Suicidal Angels, Divide and Conquer (NoiseArt): The Greek thrashers are back with two new members and a fifth album on which not a lick has changed in their approach. Rather than trying to be the next Kreator or Destruction, they take a decidedly American approach, faithfully mining the percussive sounds of Exodus, which has always worked very well in their favor in the past, and which does the same here. To their credit the band does mix it up a little, as on “Control the Twisted Mind”, a surprisingly ambitious seven-minute track that showcases some good progressive metal dexterity.

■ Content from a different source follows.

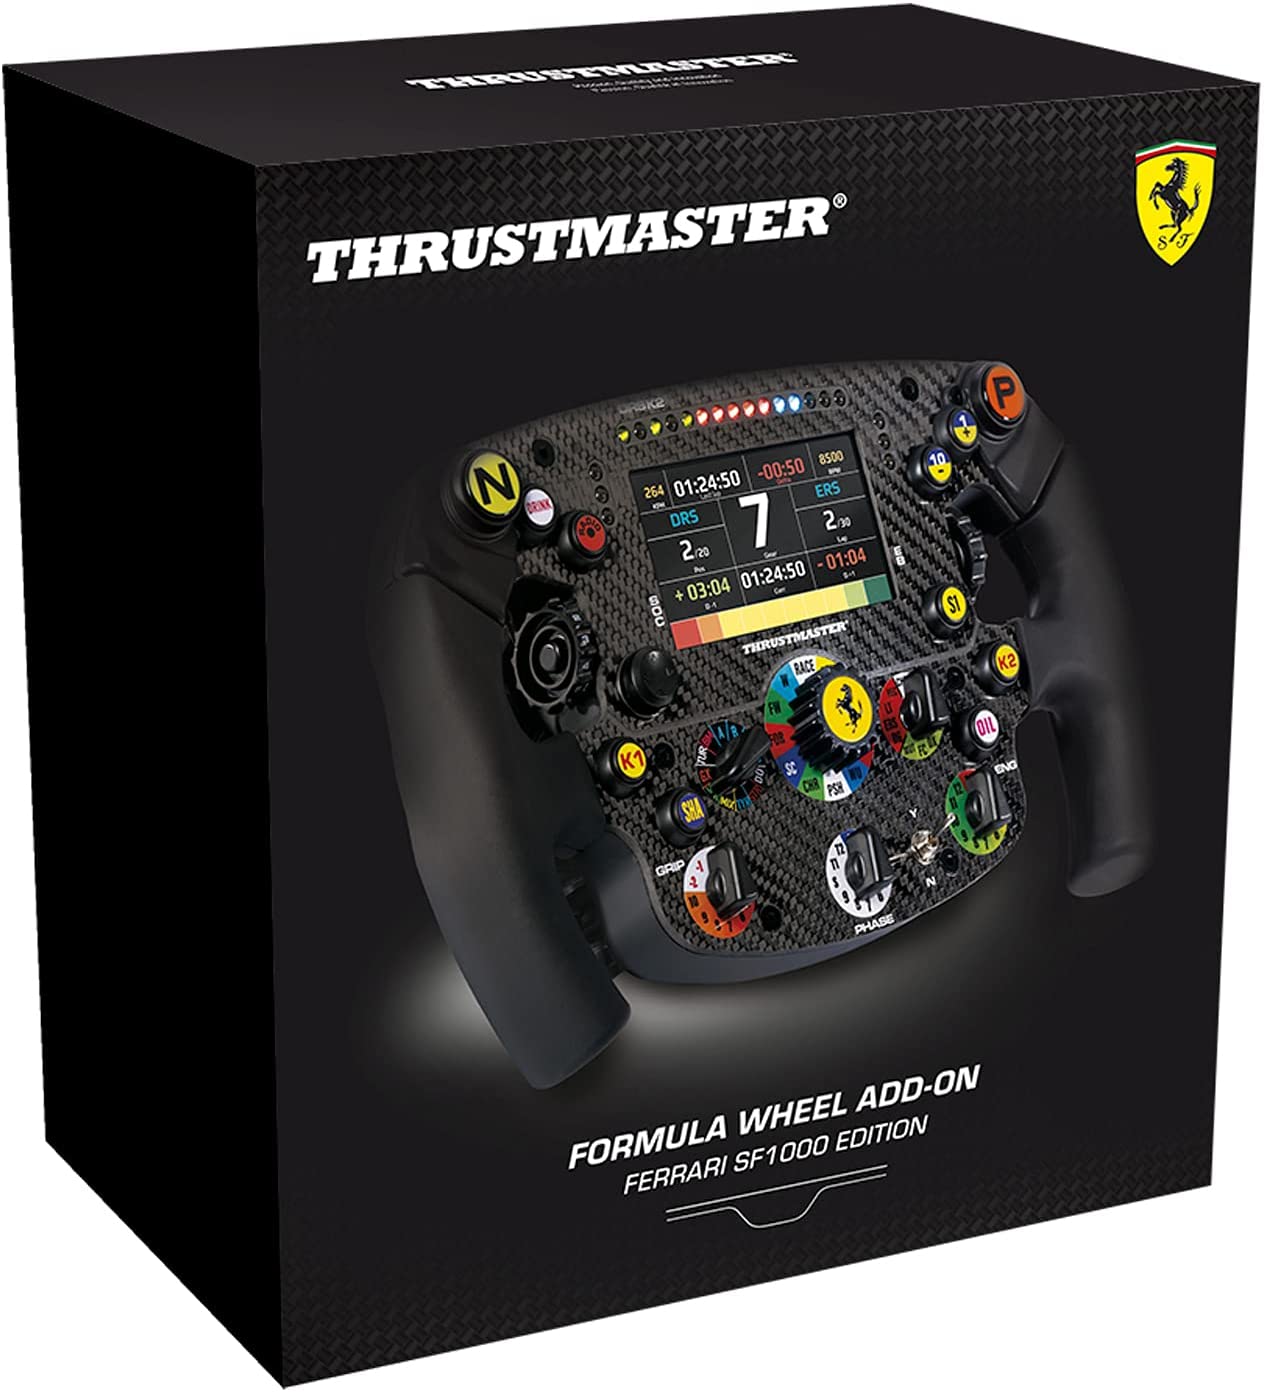 Thrustmaster Formula Wheel Add-On Ferrari SF1000 Edition pour PS5, PS4, Xbox Series X|S, Xbox One et PC

Waldgeflüster, Meine Fesseln (Bindrune): There’s such a strong Woods of Ypres vibe to this third album by the German project, it’s eerie. From the pagan-tinged black metal, to the heavy use of melancholy and melodrama, to the sly incorporation of doom and gothic elements, to the lower-register singing, you’d swear the late David Gold is behind this. But give singer/songwriter/multi-instrumentalist Winterherz credit, he’s come through with a stirring, soulful, and atmospheric collection of black metal epics that easily transcend any language barrier. Arriving at a time when the new release landscape couldn’t seem bleaker, this is a welcome, rejuvenating discovery. Be careful, though, your corpsepaint will run like crazy once the tears flow during “Mit Welchen Fesseln”, which we premiered last week.

We All Die (Laughing), Thoughtscanning (Kaotoxin): This 33-minute track meanders the way you think an extended prog metal opus would, and then a clarinet solo pops in from out of nowhere. It’s pretty much the high point of the record.